Photo: Google Maps
When New York Times columnist Seth Kugel sits down to plot his next ‘Frugal Travel’ adventure, he’s not the only one to weigh in. “It’s not like some gold mine, like I have a stash of gold coins in my office and I can go anywhere I want and then write about it,” said Kugel, whose most recent travels took him to Norway and Denmark. “There’s where I want to go and where my editors want me to go. But by the way, I never say no. There’s pretty much no where I don’t want to go.”
Once a destination is locked in, each step is plotted by Kugel himself, from which airline to choose––discount carriers aren’t his favourite––to where he’ll lay his head at night (“Anything over 100 a night is pretty much unacceptable.”).
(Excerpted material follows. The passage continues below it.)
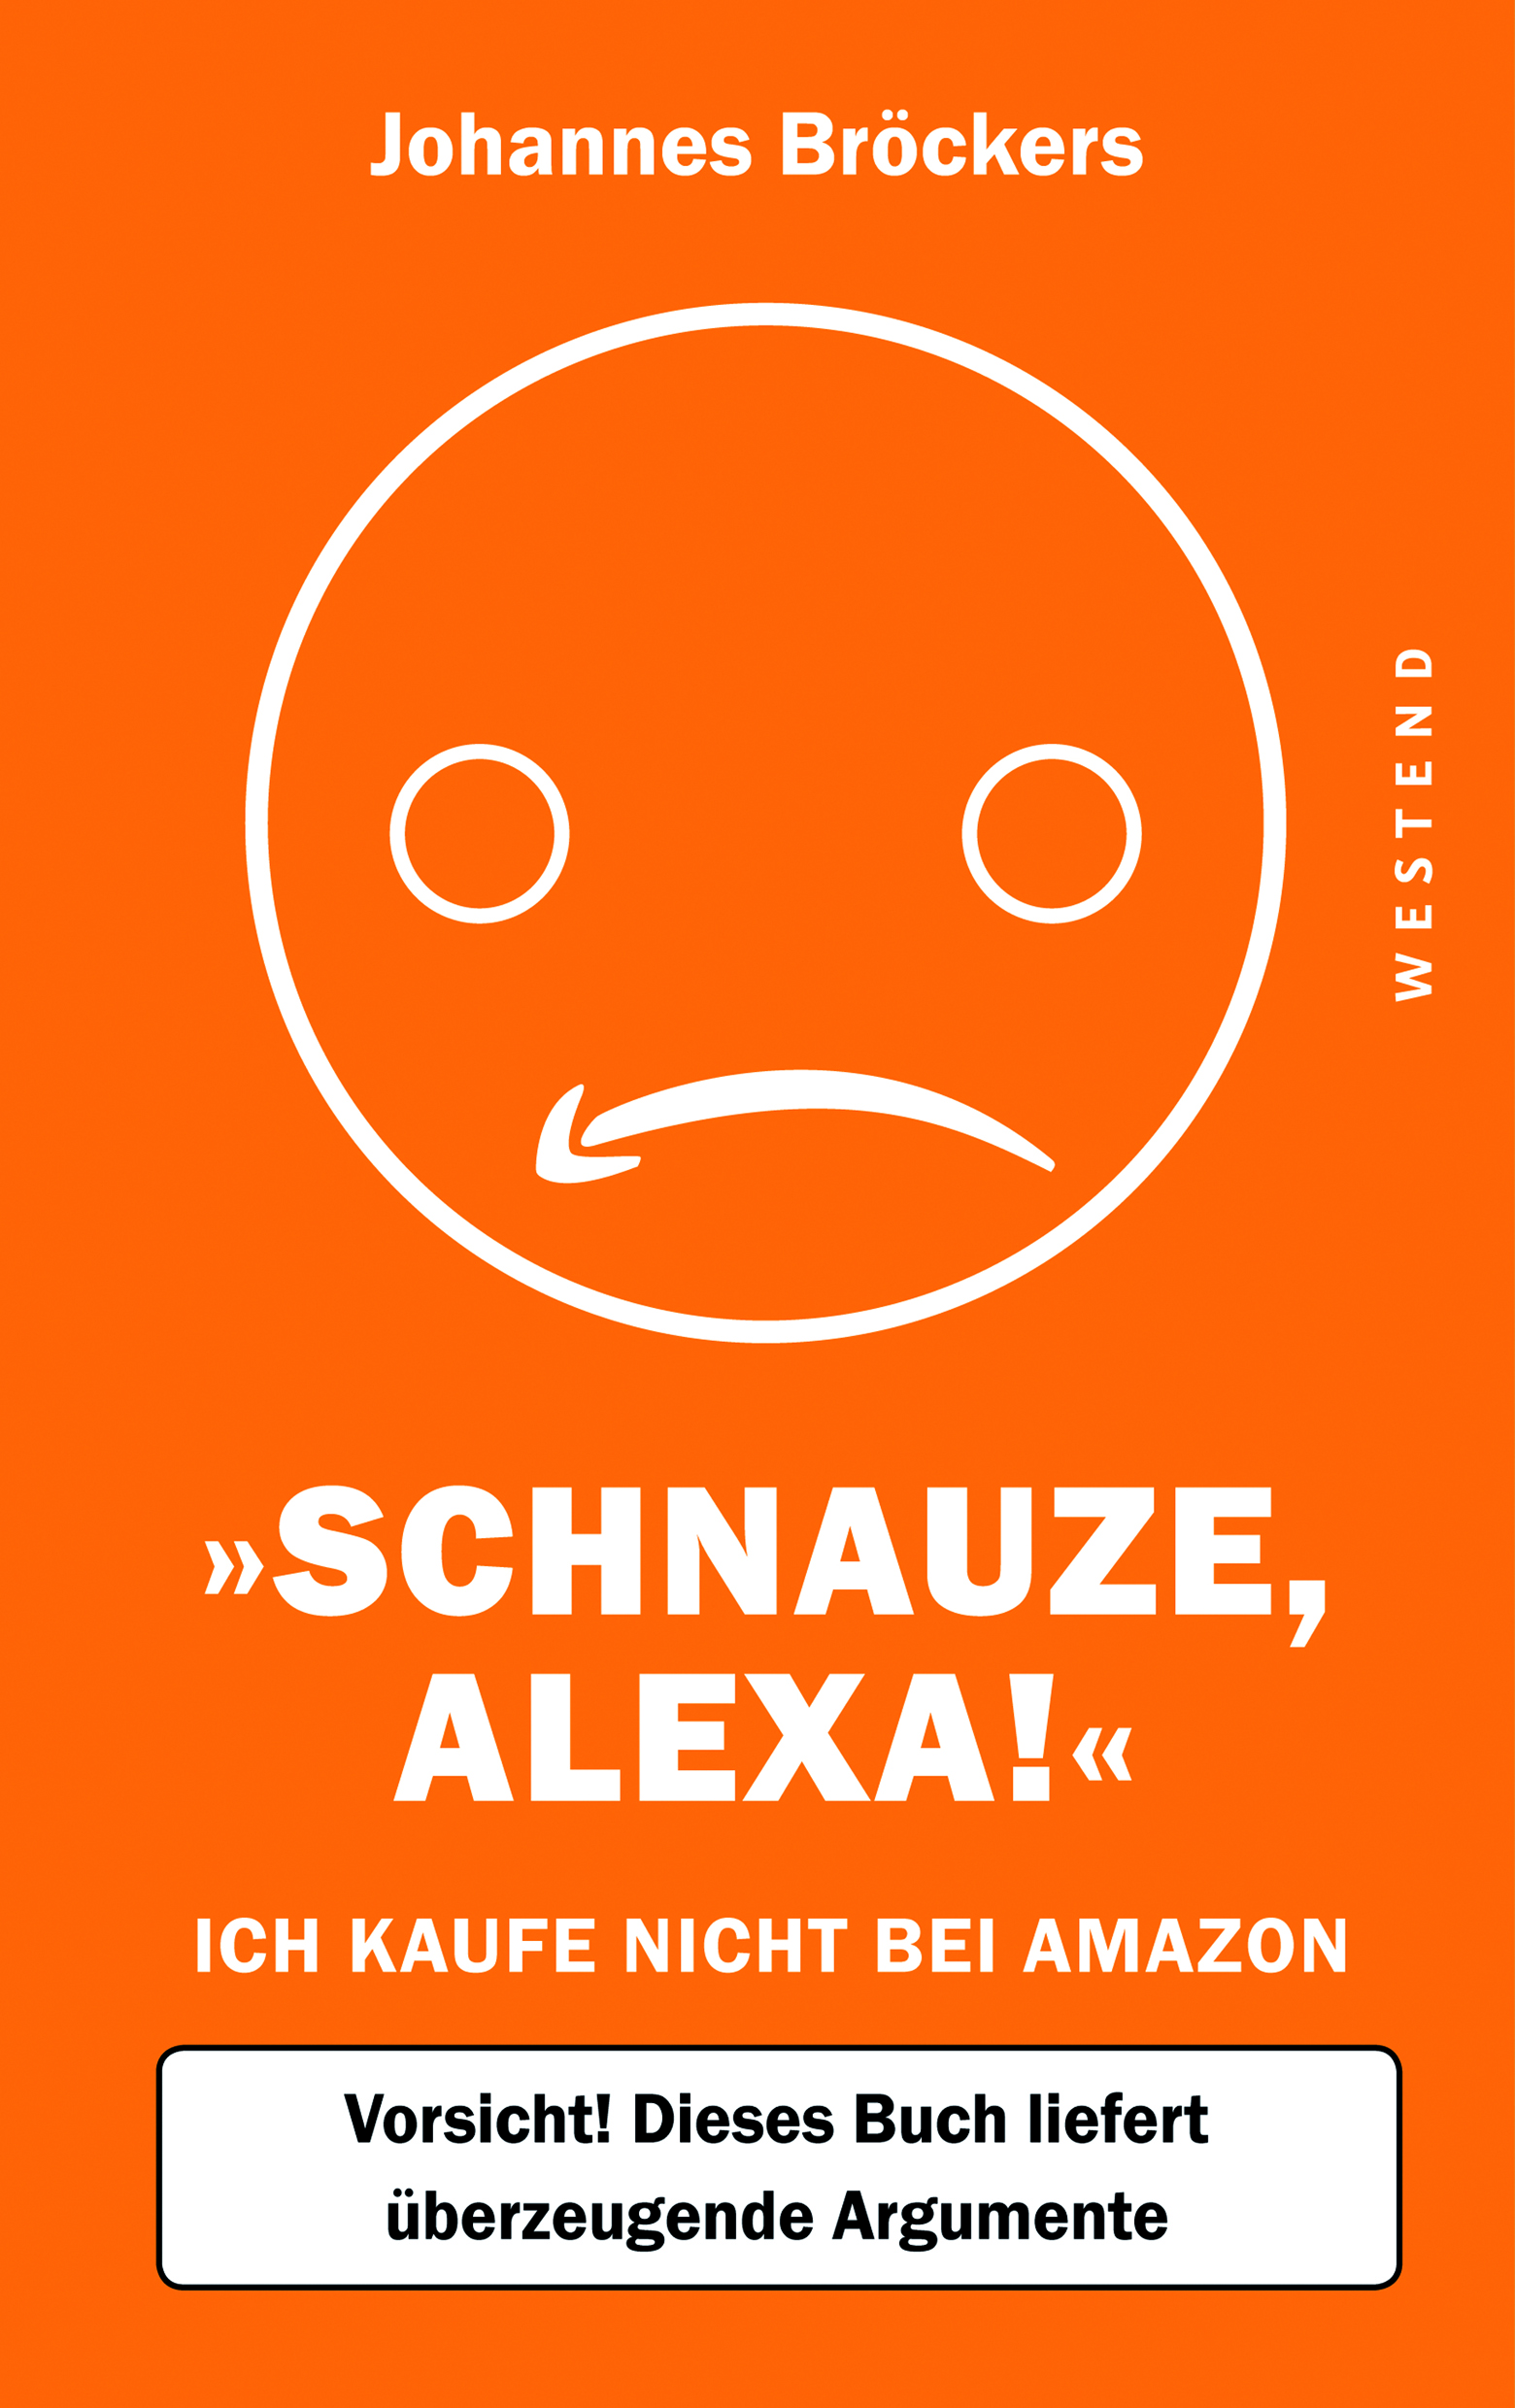 Bröckers-SchnauzeAlexa-Amazon-CMYK300

“I have a lot of colleagues who’ve been travelling for 20 years,” he told Business Insider. “There’s a little bit of a learning curve for me.”
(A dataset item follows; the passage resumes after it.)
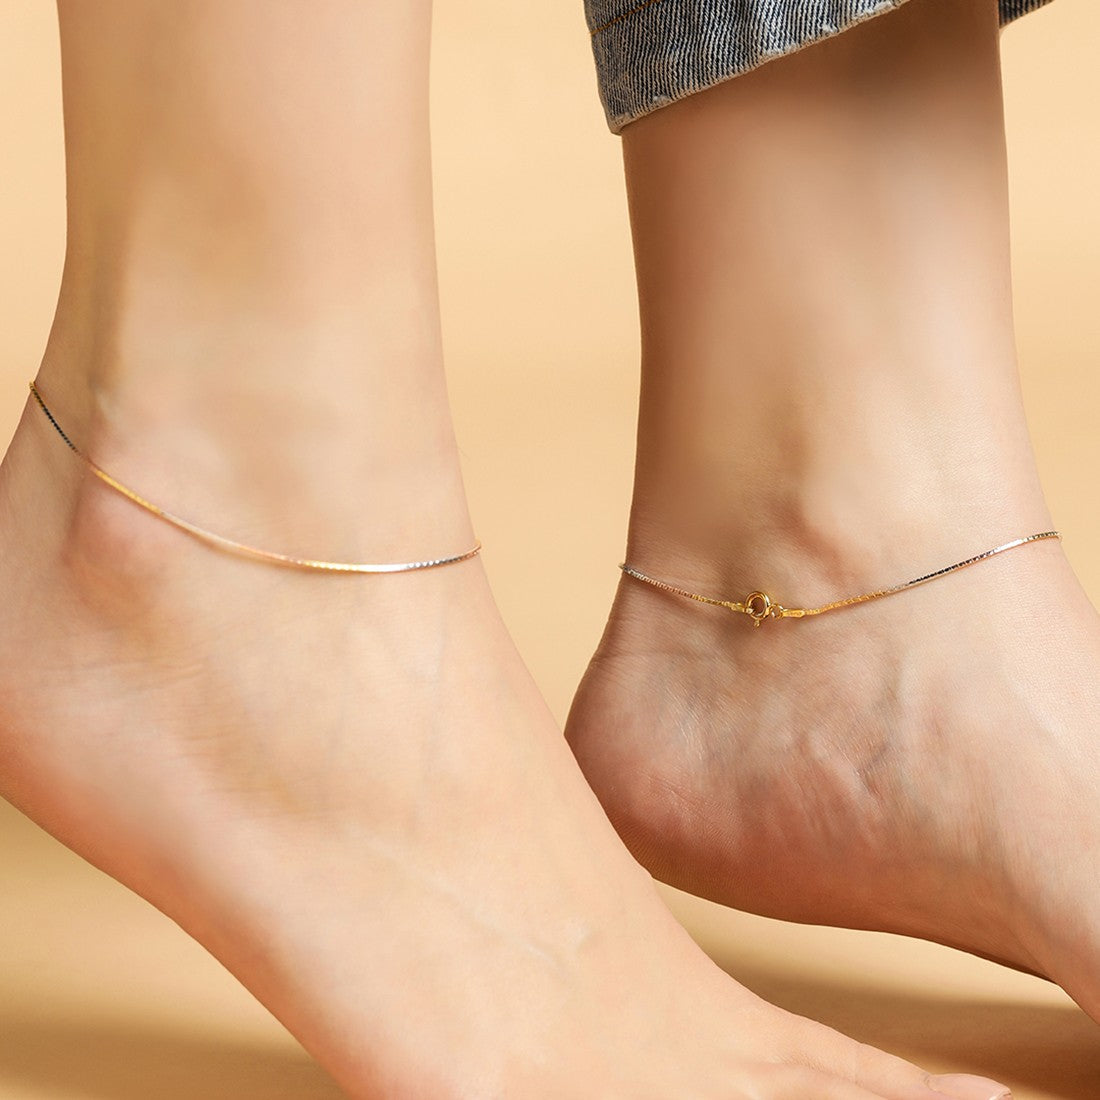 The Elegant 925 Sterling Silver Anklet

Lodging is of particular concern, since it’s likely to take up the biggest chunk of any traveller’s budget, including Kugel’s. There are countless sites dedicated to giving consumers the cheapest hotel rates in a specific area, but when he was ready to book a stay at Martha’s Vineyard for an upcoming column, he found an even better way to search:
“I went to every hotel site I could think of, Hotels.com, the chamber of commerce website, and every site had a slightly different list of hotels. I thought this is ridiculous,” he said. “I went to Google Maps, zoomed in on a specific area and searched for ‘hotels.’ 80-seven [options] popped up and I just went through every single one.”
It’s the simple, most organic way to search, he said.
“Anything else is somehow biased. Some of these sites, the hotel has to agree to be a part of them and they pay a fee. Other places are based on critics. This works much better in places where there aren’t 4,000 hotels though. I wouldn’t try this in NYC.”